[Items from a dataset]
★ ★ ★ ★ ★
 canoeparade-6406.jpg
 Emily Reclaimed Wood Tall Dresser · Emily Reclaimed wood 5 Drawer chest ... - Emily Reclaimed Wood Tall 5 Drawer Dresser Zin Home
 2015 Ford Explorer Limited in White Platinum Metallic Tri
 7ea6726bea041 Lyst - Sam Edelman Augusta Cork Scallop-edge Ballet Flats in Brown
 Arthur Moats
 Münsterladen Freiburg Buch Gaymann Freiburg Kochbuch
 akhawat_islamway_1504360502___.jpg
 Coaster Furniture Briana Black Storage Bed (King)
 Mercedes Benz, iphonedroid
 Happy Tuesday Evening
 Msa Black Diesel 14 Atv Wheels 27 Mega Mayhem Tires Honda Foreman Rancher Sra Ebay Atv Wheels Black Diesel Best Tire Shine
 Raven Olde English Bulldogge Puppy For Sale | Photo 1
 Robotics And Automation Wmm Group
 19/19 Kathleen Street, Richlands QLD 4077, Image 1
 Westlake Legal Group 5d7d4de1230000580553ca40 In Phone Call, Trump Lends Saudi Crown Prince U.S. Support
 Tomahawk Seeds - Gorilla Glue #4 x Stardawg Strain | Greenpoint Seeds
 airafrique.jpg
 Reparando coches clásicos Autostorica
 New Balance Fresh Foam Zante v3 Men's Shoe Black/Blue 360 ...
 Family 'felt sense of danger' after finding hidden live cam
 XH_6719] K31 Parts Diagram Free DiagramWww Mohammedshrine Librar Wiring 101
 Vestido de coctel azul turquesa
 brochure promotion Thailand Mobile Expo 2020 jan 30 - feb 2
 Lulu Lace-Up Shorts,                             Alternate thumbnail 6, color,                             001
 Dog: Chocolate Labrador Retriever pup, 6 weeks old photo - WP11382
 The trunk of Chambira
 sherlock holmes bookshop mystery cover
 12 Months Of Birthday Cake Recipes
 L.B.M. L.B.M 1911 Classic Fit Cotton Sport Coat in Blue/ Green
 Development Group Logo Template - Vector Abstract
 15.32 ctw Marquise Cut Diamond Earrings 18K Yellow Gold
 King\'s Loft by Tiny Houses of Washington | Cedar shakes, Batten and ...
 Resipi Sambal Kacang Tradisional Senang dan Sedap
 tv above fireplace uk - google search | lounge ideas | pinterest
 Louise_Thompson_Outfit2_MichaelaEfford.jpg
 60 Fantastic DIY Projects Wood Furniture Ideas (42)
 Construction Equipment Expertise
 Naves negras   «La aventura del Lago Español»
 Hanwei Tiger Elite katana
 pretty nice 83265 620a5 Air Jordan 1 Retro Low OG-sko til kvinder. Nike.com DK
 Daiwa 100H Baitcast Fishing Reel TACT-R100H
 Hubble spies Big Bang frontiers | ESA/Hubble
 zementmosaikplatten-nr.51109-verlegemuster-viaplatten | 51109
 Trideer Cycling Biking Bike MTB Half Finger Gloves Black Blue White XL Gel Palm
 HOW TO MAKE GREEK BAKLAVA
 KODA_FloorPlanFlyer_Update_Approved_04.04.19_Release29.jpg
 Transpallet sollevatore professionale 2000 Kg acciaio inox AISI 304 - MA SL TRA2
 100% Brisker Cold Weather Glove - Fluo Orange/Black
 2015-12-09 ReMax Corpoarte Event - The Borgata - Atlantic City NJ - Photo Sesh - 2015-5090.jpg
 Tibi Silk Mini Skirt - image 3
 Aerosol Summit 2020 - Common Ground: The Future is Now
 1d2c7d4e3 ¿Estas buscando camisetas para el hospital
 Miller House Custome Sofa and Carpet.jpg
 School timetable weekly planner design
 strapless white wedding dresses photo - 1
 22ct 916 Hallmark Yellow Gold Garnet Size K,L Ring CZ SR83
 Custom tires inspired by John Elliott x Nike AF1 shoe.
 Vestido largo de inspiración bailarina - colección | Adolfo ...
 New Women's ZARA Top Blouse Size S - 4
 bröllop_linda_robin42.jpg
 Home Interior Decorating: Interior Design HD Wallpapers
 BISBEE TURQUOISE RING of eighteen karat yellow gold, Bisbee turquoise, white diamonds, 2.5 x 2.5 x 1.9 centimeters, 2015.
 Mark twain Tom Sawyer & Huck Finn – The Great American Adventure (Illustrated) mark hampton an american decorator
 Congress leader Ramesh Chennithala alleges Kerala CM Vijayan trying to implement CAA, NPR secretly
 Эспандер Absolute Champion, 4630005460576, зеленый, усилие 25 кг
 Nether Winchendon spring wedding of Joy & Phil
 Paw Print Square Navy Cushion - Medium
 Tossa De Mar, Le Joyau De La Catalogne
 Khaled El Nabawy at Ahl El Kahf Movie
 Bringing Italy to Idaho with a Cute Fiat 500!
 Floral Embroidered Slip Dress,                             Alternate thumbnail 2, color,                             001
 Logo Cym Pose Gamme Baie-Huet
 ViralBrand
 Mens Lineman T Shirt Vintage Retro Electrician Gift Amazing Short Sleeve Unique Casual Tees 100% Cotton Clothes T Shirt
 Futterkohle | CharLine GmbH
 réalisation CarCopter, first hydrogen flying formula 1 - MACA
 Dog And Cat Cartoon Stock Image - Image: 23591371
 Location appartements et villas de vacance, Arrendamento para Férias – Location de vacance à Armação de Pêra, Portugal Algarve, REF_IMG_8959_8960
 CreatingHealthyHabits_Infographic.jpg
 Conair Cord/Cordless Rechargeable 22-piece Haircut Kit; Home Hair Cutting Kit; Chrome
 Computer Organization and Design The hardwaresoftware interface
★ ★ ★ ★ ★
**Aim of the task**: All lines from the one with "Location appartements et" to the end of the entries above are to be written out exactly, the first and last included.

**Answer to this task**:
 Location appartements et villas de vacance, Arrendamento para Férias – Location de vacance à Armação de Pêra, Portugal Algarve, REF_IMG_8959_8960
 CreatingHealthyHabits_Infographic.jpg
 Conair Cord/Cordless Rechargeable 22-piece Haircut Kit; Home Hair Cutting Kit; Chrome
 Computer Organization and Design The hardwaresoftware interface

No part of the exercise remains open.